§ **What you should do**
Retype the following data exactly, but leave its pictures out.
Data section start
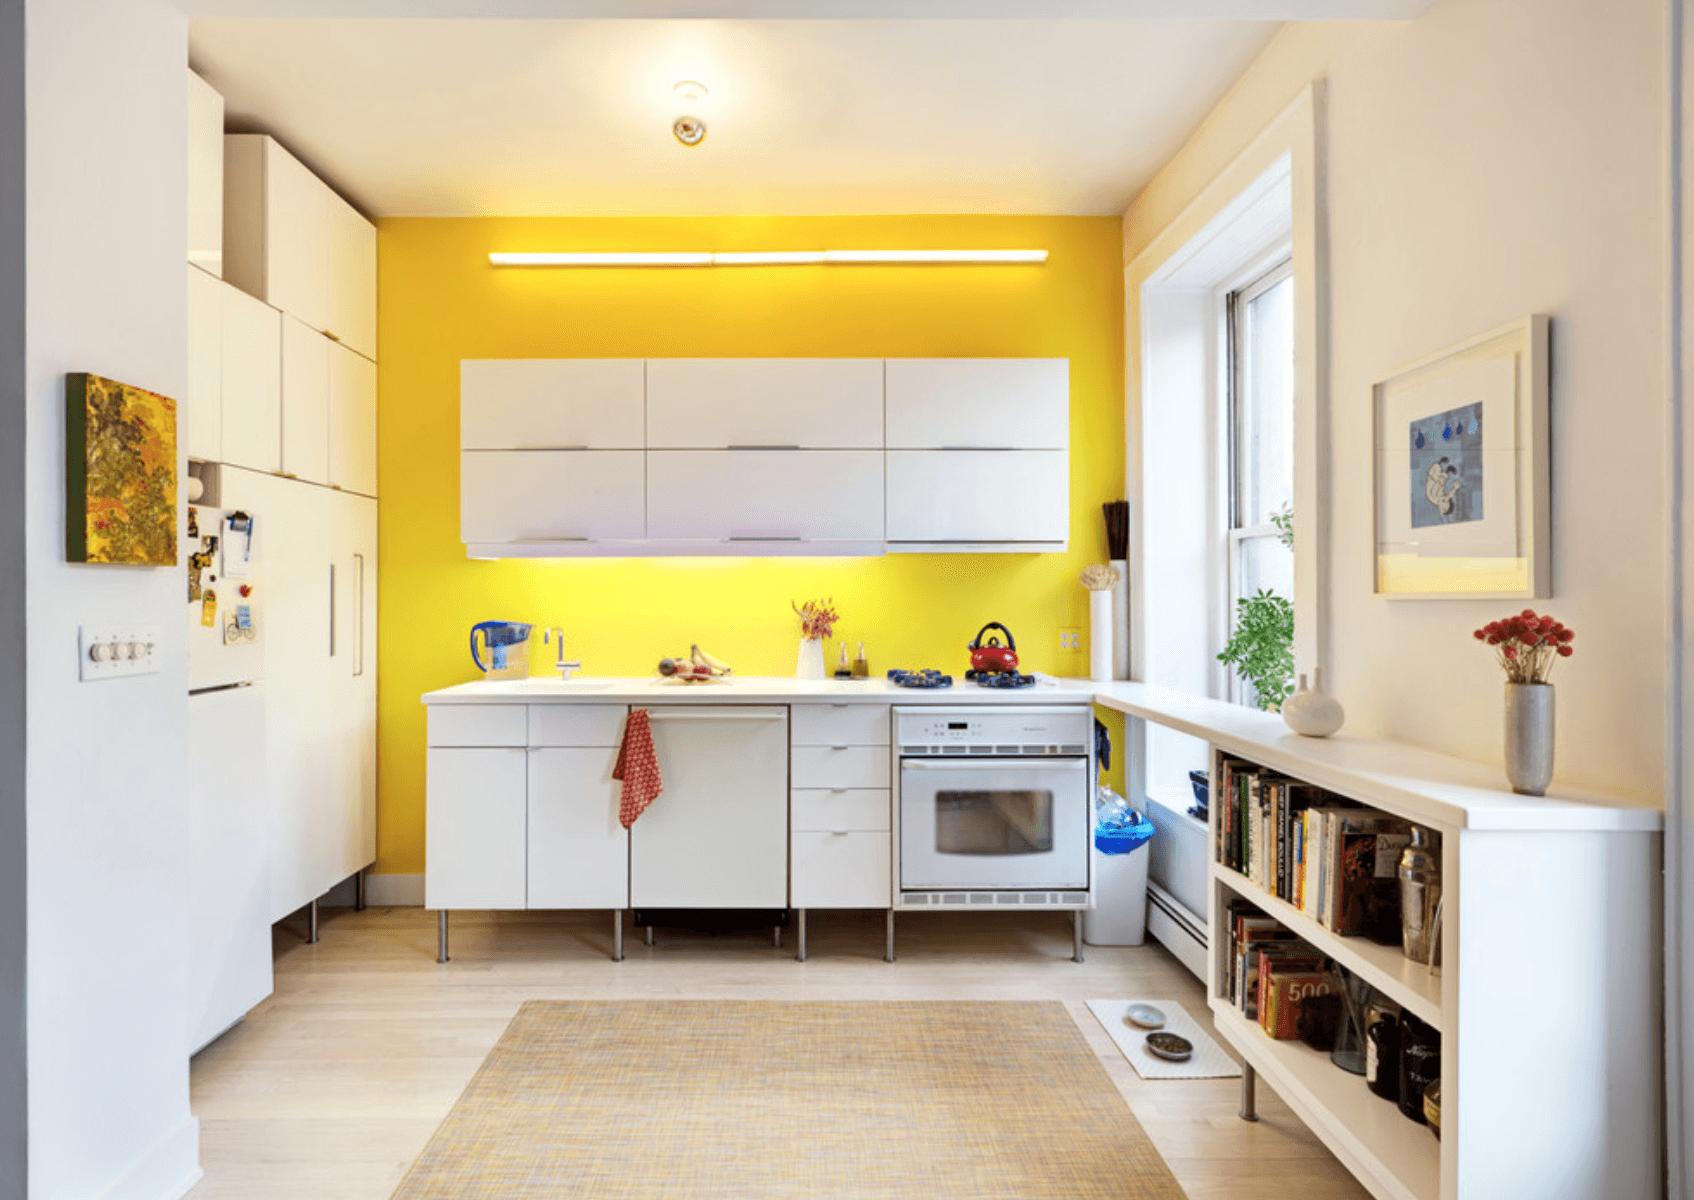 Perete galben in bucatarie cu mobilier alb
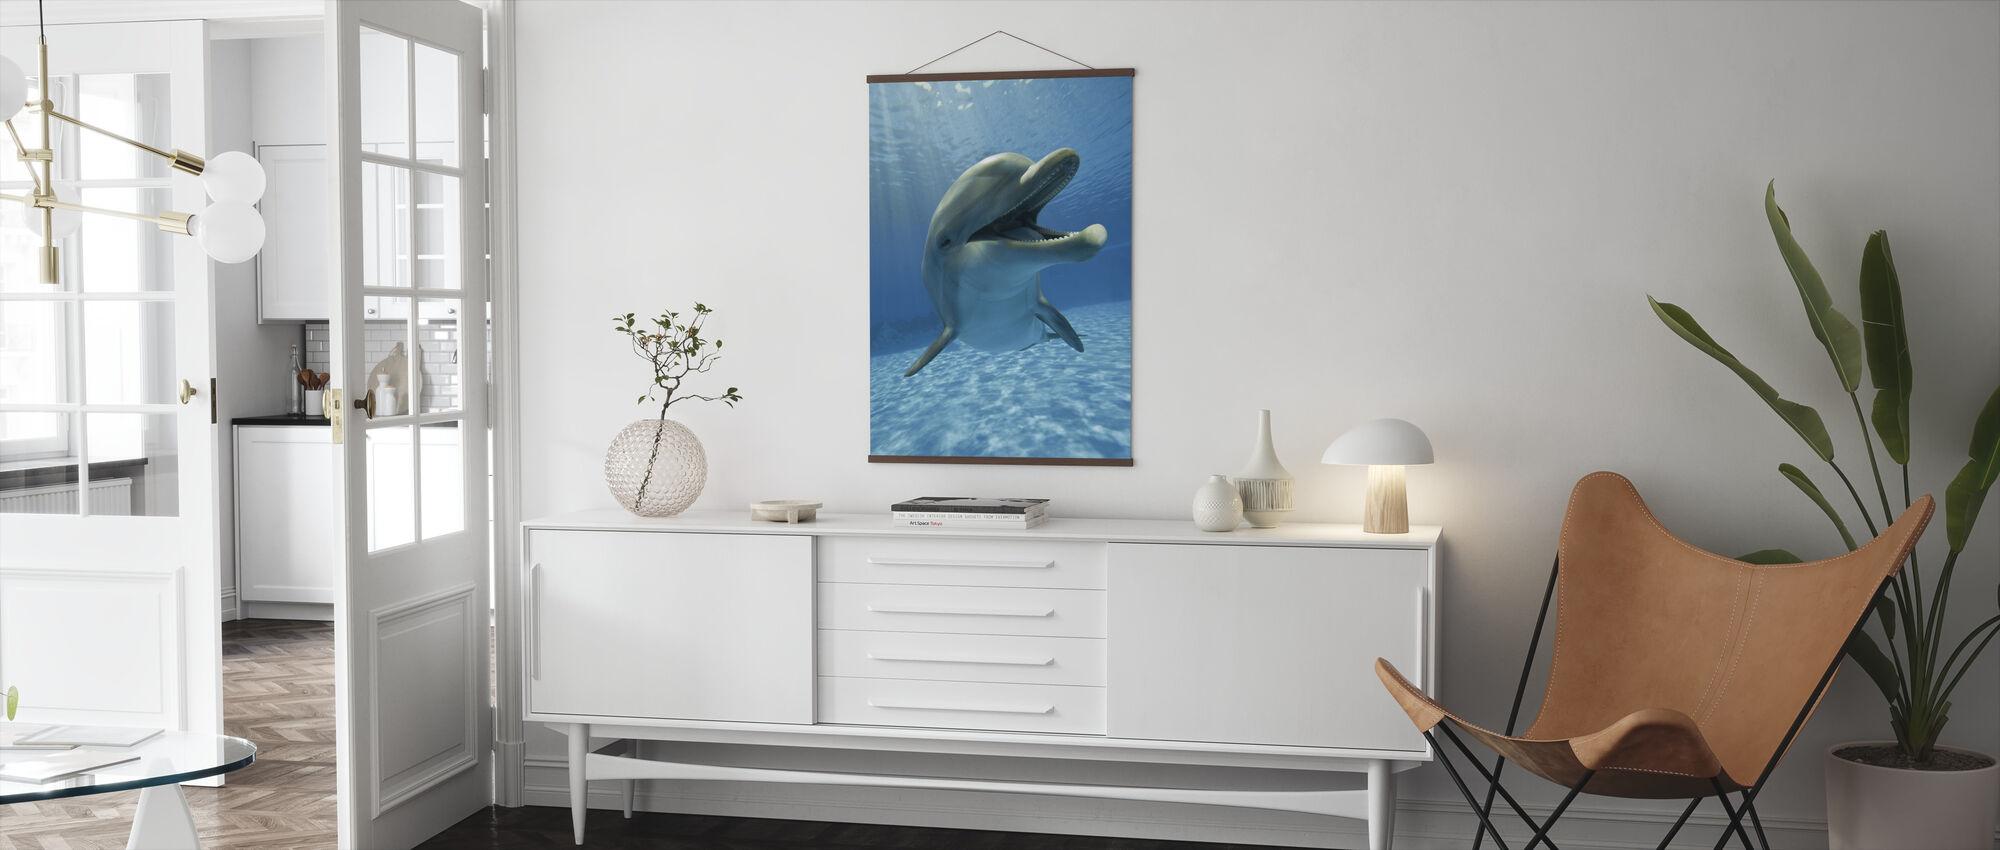 Møte med delfin - Plakat - Stue
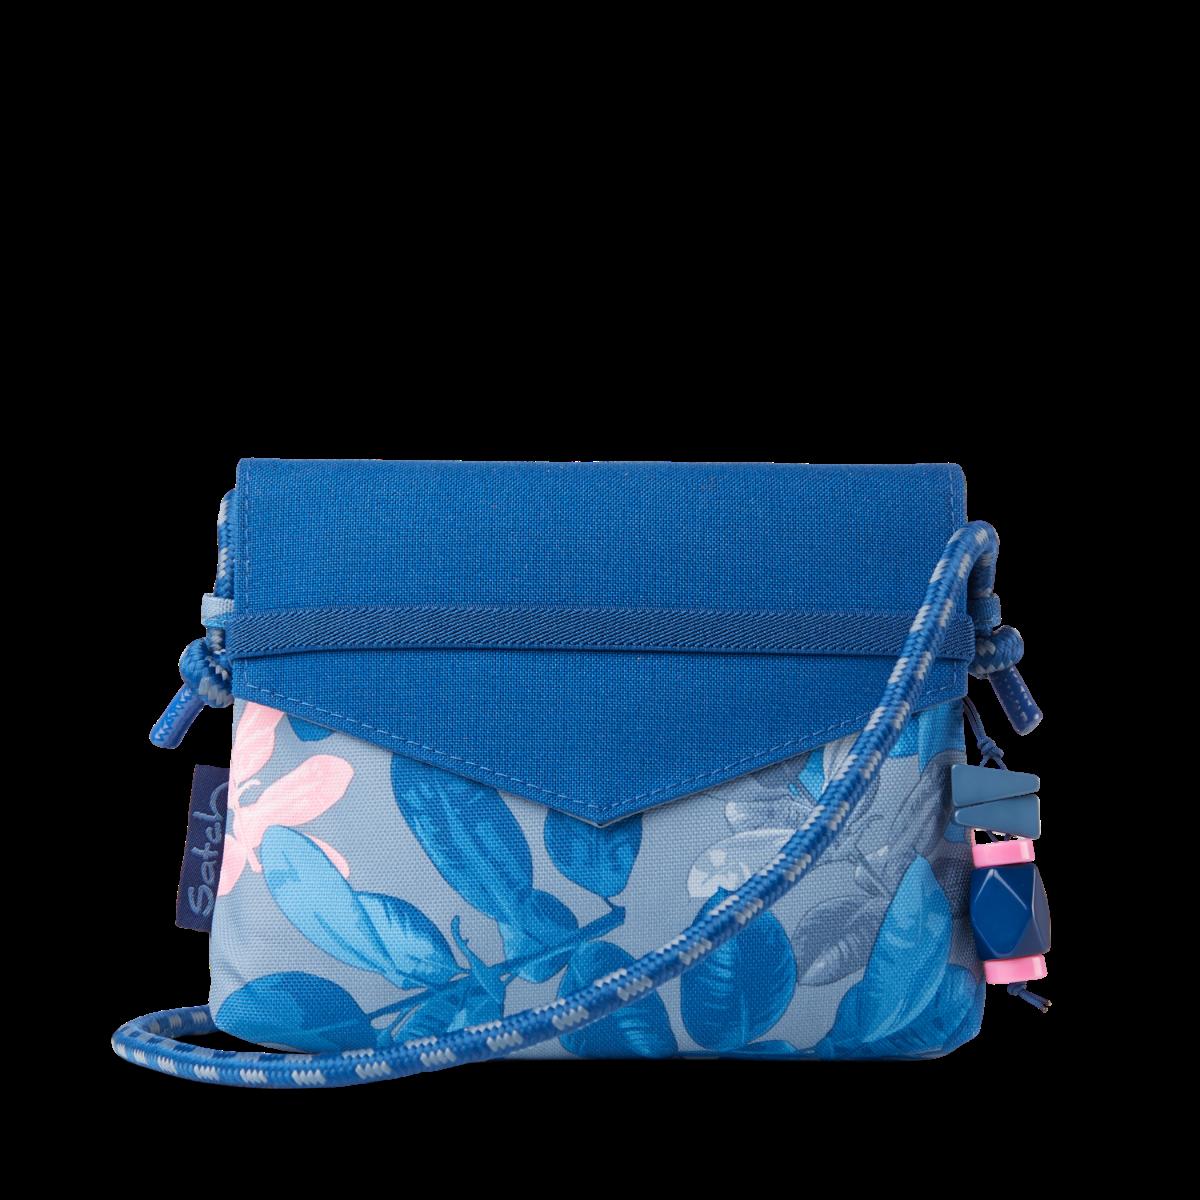 Girlsbag Clutch 0.75 Liter - Summer Soul
Data section end
§ **Answer for the task**
 Perete galben in bucatarie cu mobilier alb
 Møte med delfin - Plakat - Stue
 Girlsbag Clutch 0.75 Liter - Summer Soul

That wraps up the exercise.